-
Type:
Bug
-
Status: Open
-
Priority:
Major
-
Resolution: Unresolved
-
Affects Version/s: 1.7.0, 1.8.2
-
Fix Version/s: None
-
Component/s: parquet-avro
-
Labels:None
Hello,
While reading back a Parquet file produced with Spark, it appears the schema produced by Parquet-Avro is not valid.
I consider the simple following piece of code:
ParquetReader<GenericRecord> reader = AvroParquetReader.<GenericRecord>builder(new org.apache.hadoop.fs.Path(path.toUri())).build(); System.out.println(reader.read().getSchema());
I get a stack lile:
Exception in thread "main" +org.apache.avro.SchemaParseException+: Can't redefine: value
at org.apache.avro.Schema$Names.put(+Schema.java:1128+)
at org.apache.avro.Schema$NamedSchema.writeNameRef(+Schema.java:562+)
at org.apache.avro.Schema$RecordSchema.toJson(+Schema.java:690+)
at org.apache.avro.Schema$UnionSchema.toJson(+Schema.java:882+)
at org.apache.avro.Schema$MapSchema.toJson(+Schema.java:833+)
at org.apache.avro.Schema$UnionSchema.toJson(+Schema.java:882+)
at org.apache.avro.Schema$RecordSchema.fieldsToJson(+Schema.java:716+)
at org.apache.avro.Schema$RecordSchema.toJson(+Schema.java:701+)
at org.apache.avro.Schema.toString(+Schema.java:324+)
at org.apache.avro.Schema.toString(+Schema.java:314+)

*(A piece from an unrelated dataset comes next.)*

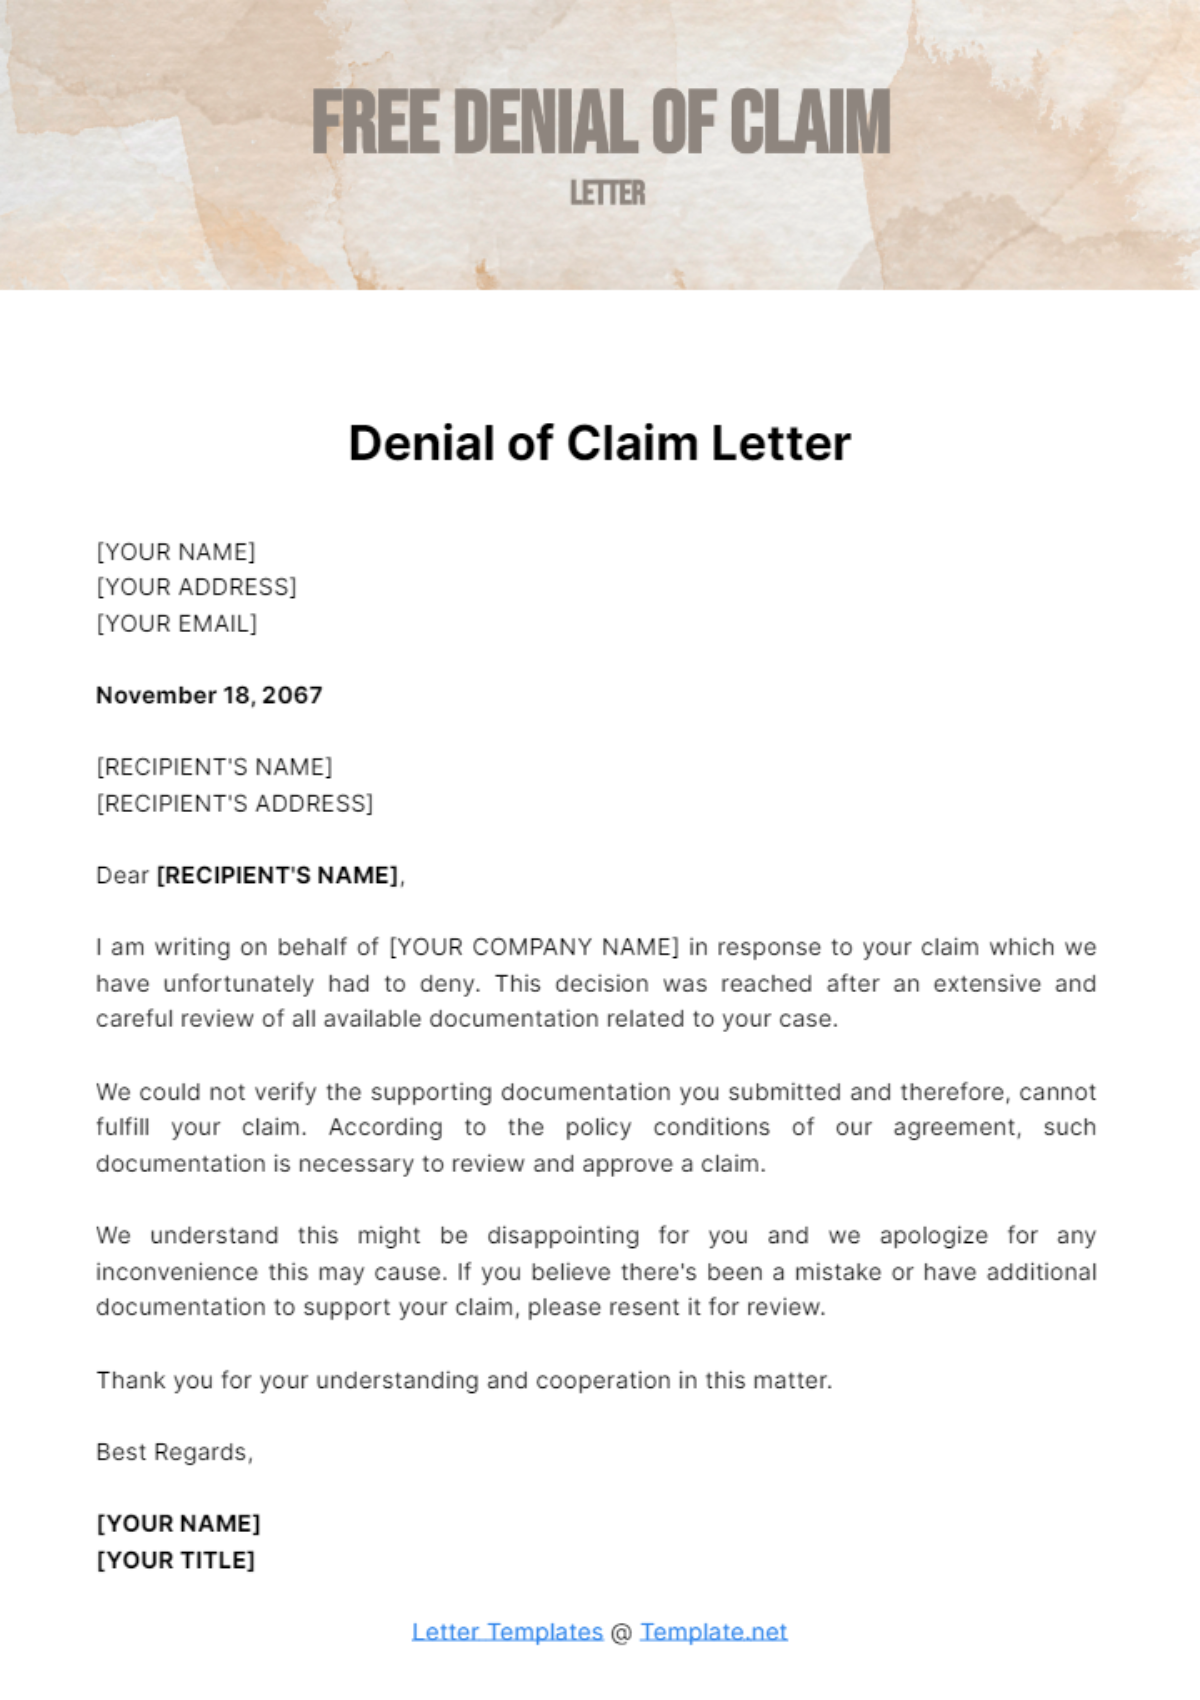 Denial of Claim Letter Template

The issue seems the same as the one reported in:
It have been fixed in Spark-avro within:
https://github.com/databricks/spark-avro/pull/73
In our case, the parquet schema looks like:
message spark_schema { optional group calculatedobjectinfomap (MAP) { repeated group key_value { required binary key (UTF8); optional group value { optional int64 calcobjid; optional int64 calcobjparentid; optional binary portfolioname (UTF8); optional binary portfolioscheme (UTF8); optional binary calcobjtype (UTF8); optional binary calcobjmnemonic (UTF8); optional binary calcobinstrumentype (UTF8); optional int64 calcobjectqty; optional binary calcobjboid (UTF8); optional binary analyticalfoldermnemonic (UTF8); optional binary calculatedidentifier (UTF8); optional binary calcobjlevel (UTF8); optional binary calcobjboidscheme (UTF8); } } } optional group riskfactorinfomap (MAP) { repeated group key_value { required binary key (UTF8); optional group value { optional binary riskfactorname (UTF8); optional binary riskfactortype (UTF8); optional binary riskfactorrole (UTF8); } } } }
We indeed have 2 Map field with a value fields named 'value'. The name 'value' is defaulted in org.apache.spark.sql.types.MapType.
The fix seems not trivial given current parquet-avro code then I doubt I will be able to craft a valid PR without directions.
Thanks,